Когда, с какого времени сели топоры у мужиков? А с прошлой осени, с той самой поры, когда в Пекашине — который уж раз — до зернышка выгребли хлебные сусеки.
И все же, говорил себе Лукашин, выходя на деревенский угор, такого еще не бывало. Первый раз плотники не вышли на стройку днем.
Орсовский склад у реки, огромная хоромина под светлой, еще не успевшей почернеть крышей, походил на крепость, окруженную белыми валами из мешков с мукой, из ящиков со сладостями и чаем, из бочек с рыбой-морянкой.

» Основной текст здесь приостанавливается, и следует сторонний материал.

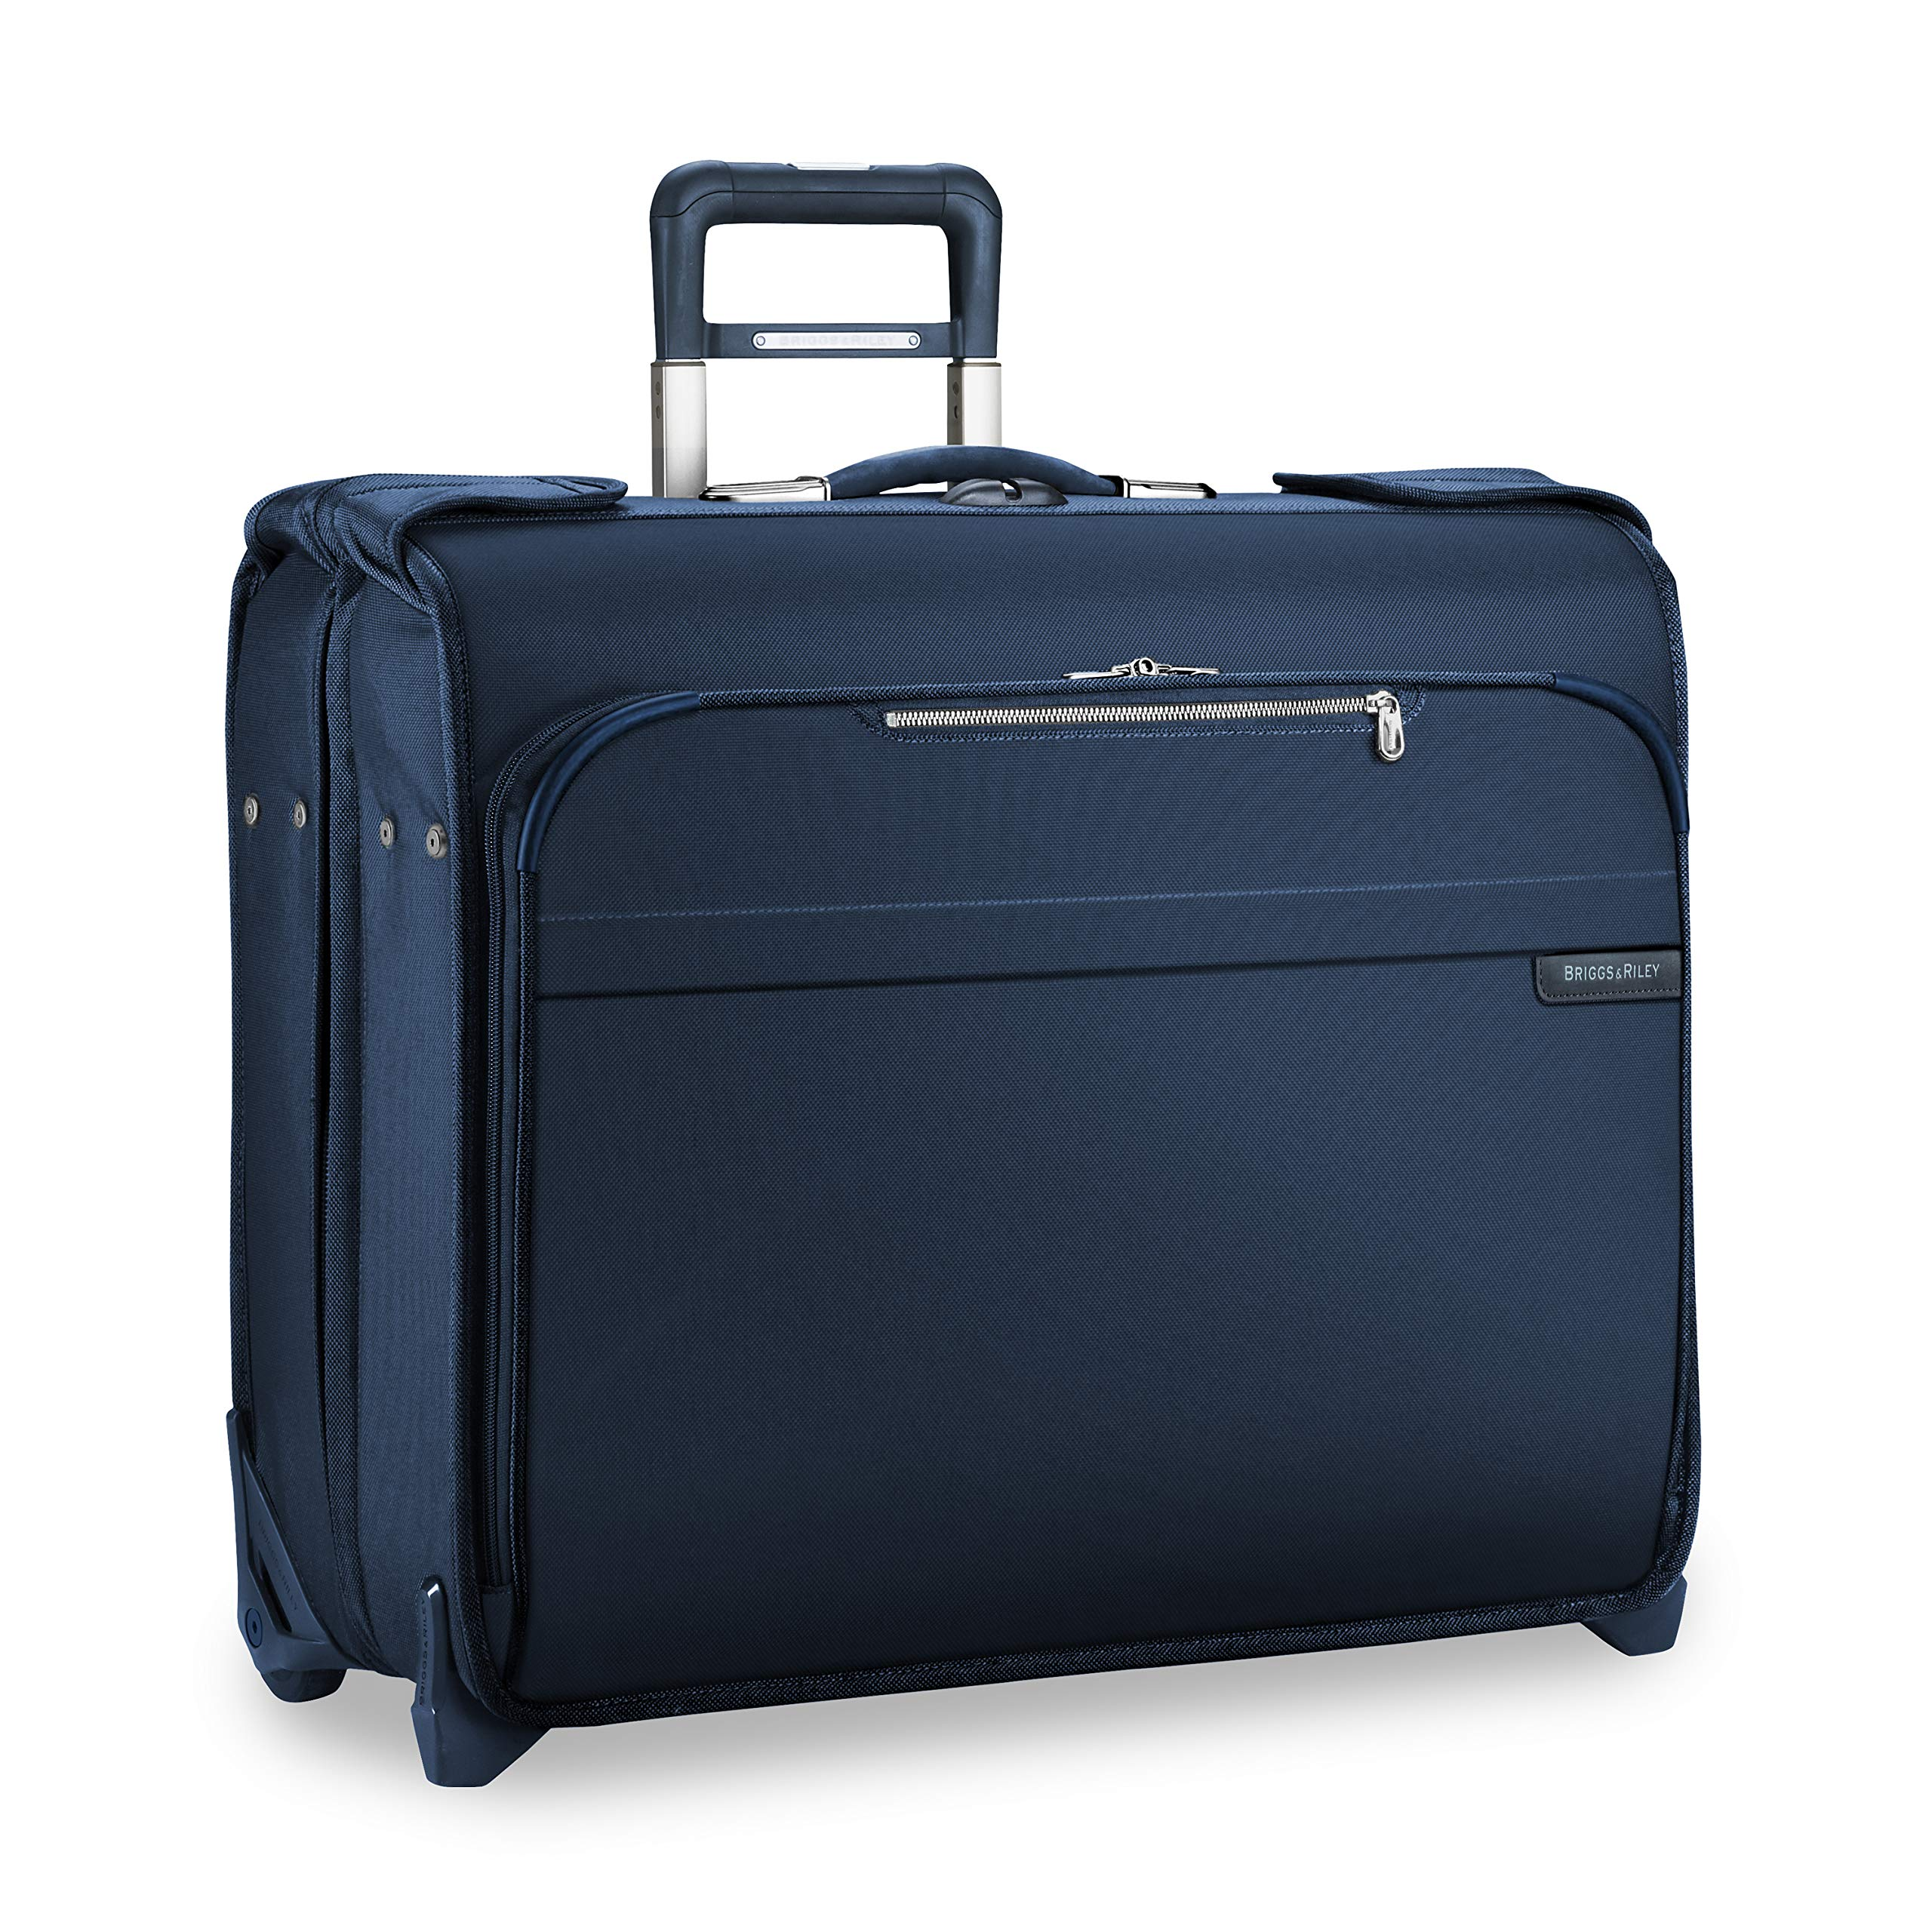 Briggs & Riley Baseline Deluxe Garment Bag, 2 Wheel, Navy

Все это добро было предназначено для рабочих Сотюжского леспромхоза (в Пекашине у него перевалочная база, выстроенная в прошлом году), а колхозникам — ни-ни, килограмма не достанется. Ибо у колхозников своя снабженческая сеть сельпо, а сельповская сеть, известно — всегда пуста. Вот мужики и стараются урвать из орсовских богатств хоть малую толику во время выгрузки. Тут уж орс не жмется, щедро платит и натурой, и деньгами.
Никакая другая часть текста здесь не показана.